Nunukan, Kaltara,  (ANTARA News) - Pedagang di Pasar Mansalong, Kabupaten Nunukan, Kalimantan Utara, memperkenalkan komoditas bawang hutan kepada Tim Pengawas Pembangunan Perbatasan DPR dalam pemantauan di pasar itu, Jumat pagi.

Ketua Tim Pengawas Pembangunan Perbatasan DPR Fahri Hamzah menelusuri wilayah Nunukan dan melihat aktivitas ekonomi masyarakat perbatasan serta pembangunan infrastruktur jalan serta jembatan.

Fahri didampingi Anggota timwas, yaitu Arteria Dahlan (PDIP), Agung Widyantoro (Golkar), Hetifah Syaifudian (Golkar) dan Alvin Hakim Toha (PKB). Tim memantau dan mengamati aktivitas warga di Pasar Mansalong serta pusat perdagangan kebutuhan masyarakat.

Pasar Mansalong dibangun Pemerintah Indonesia dan mulai beroperasi awal 2016. Di pasar tradisional ini berbagai kebutuhan pokok masyarakat diperjualbelikan.

Namun banyak kebutuhan pokok dipasok dari wilayah Malaysia. Seperti minyak goreng, gula pasir dan beras. Hal itu karena harganya lebih murah dibanding mendatangkan dari wilayah sentra produksi pangan di Indonesia yang membutuhkan biaya transportasi lebih mahal.

Timwas tercengang melihat banyaknya pasokan bahan pokok dari Malaysia. Bahkan ayam dari Malaysia yang disebut warga setempat sebagai ayam merah pun mendominasi Pasar Mansalong.

Di saat pemantauan, ada pedagang yang memperkenalkan bawang hutan. Masyarakat di daerah itu menyebut bentudu. Ada juga yang menyebutnya tudu.

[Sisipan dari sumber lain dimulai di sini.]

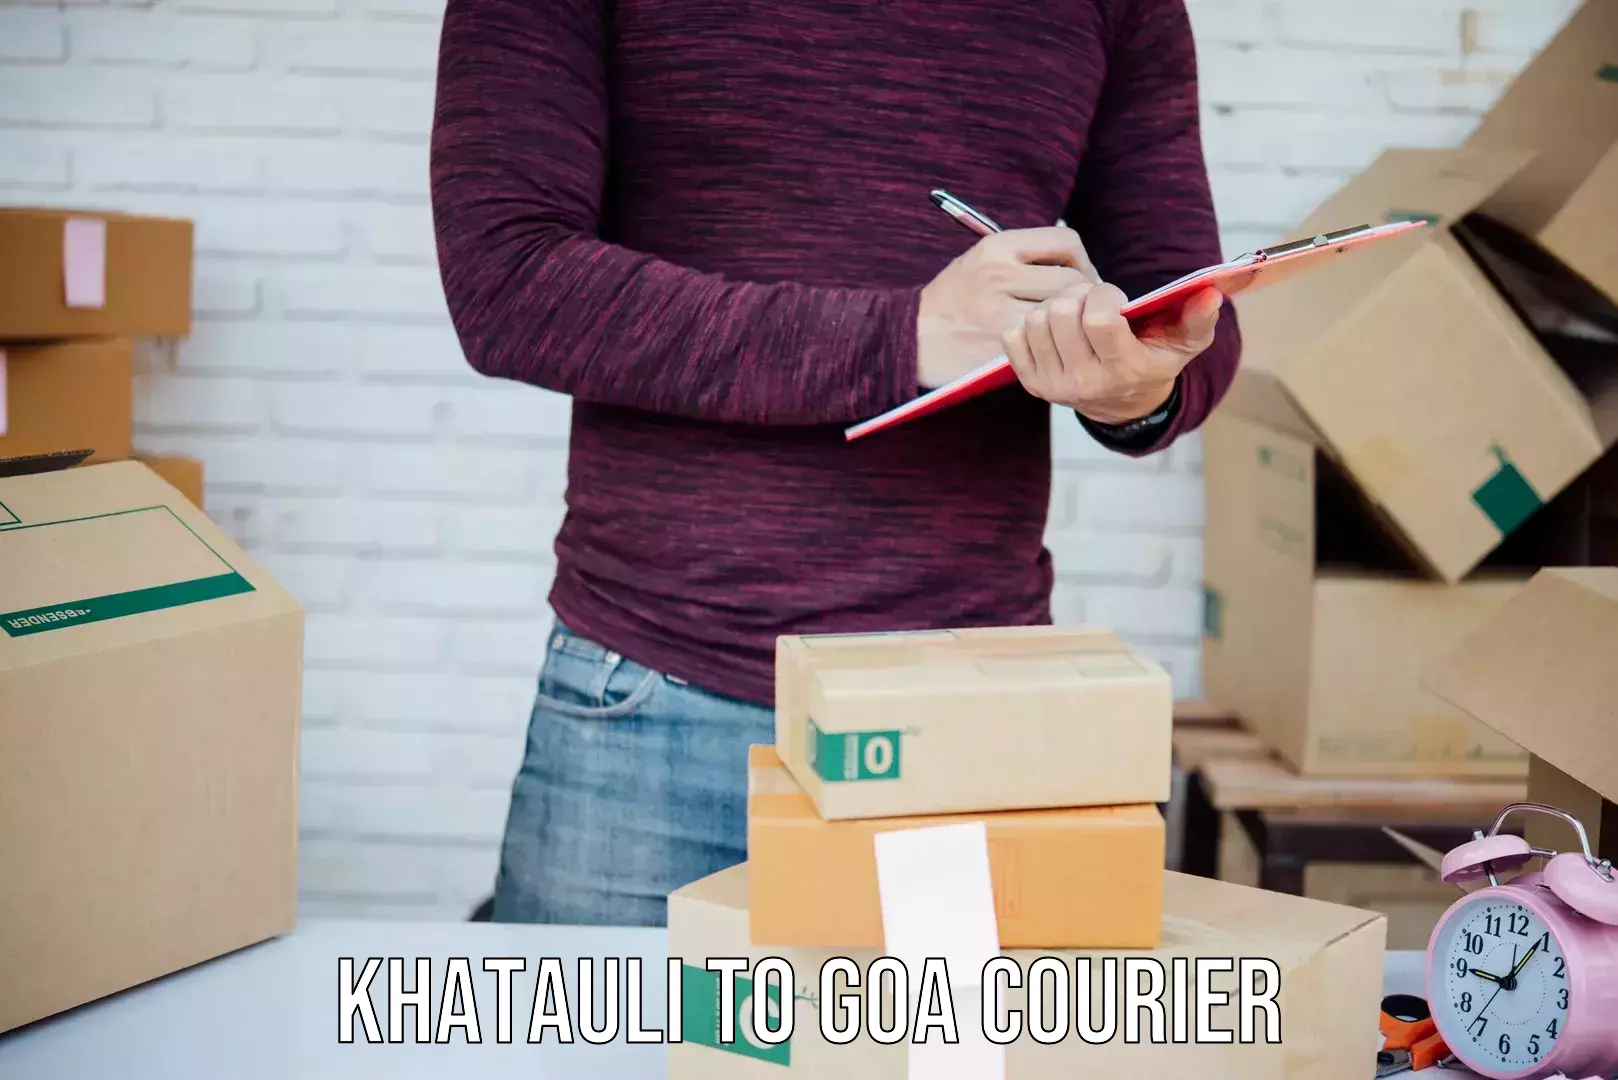 Expedited shipping methods Khatauli to IIT Goa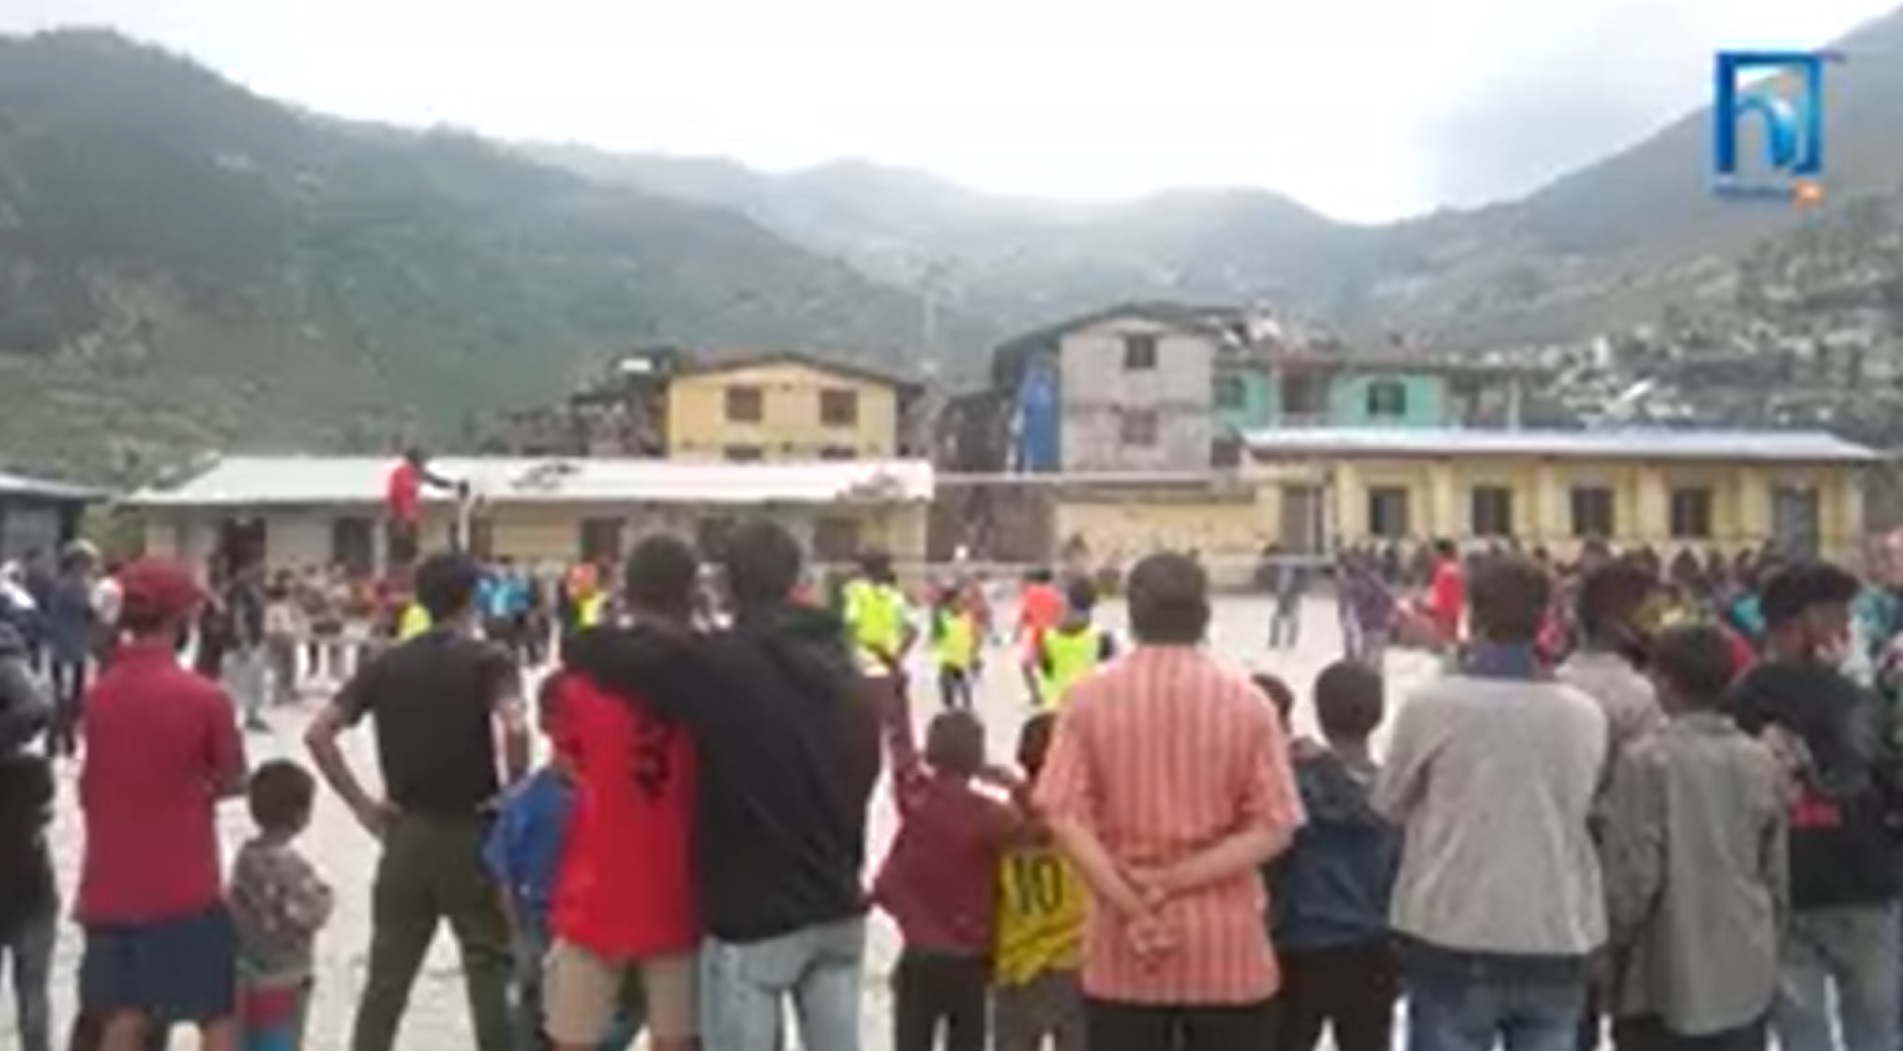 गमगढीमा खेल मैदान नहुँदा विद्यालय बन्द गरेर खेलकुद कार्यक्रम सञ्चालन (भिडियो रिपोर्टसहित)

Bawang hutan atau bentudu berbentuk bulat seperti pinang yang sudah dikupas. Namun warnanya lebih kecoklatan.

Ini merupakan salah satu tanaman khas hutan di Kalimantan Utara. Tidak semua kawasan di Kaltara terdapat buah ini.

Tanaman ini tumbuh liar di hutan. Namun beberapa pedagang dan warga mengemukakan, tanaman ini hanya terdapat di Sebakung.

Pedang menjelaskan bahwa komoditas itu bukan buah, bukan pula sayuran. Bawang hutan merupakan tanaman berkhasiat.

Meski warnanya tidak menarik perhatian, kecoklatan dan ada serabutnya, namun isinya berkhasiat untuk mengobati darah tinggi dan kolesterol.

Dalamnya berwarna putih dan baunya seperti petai atau jengkol. Kalau digigit terasa renyah.

Warna setempat menjelaskan, buah itu berkhasiat dan bisa langsung dimakan mentah. Bisa juga dicampur ke sayuran tetapi tidak sampe terlalu matang.

Pedagang menjualnya Rp1.000 per biji. Beberapa anggota DPR membeli komoditas ini.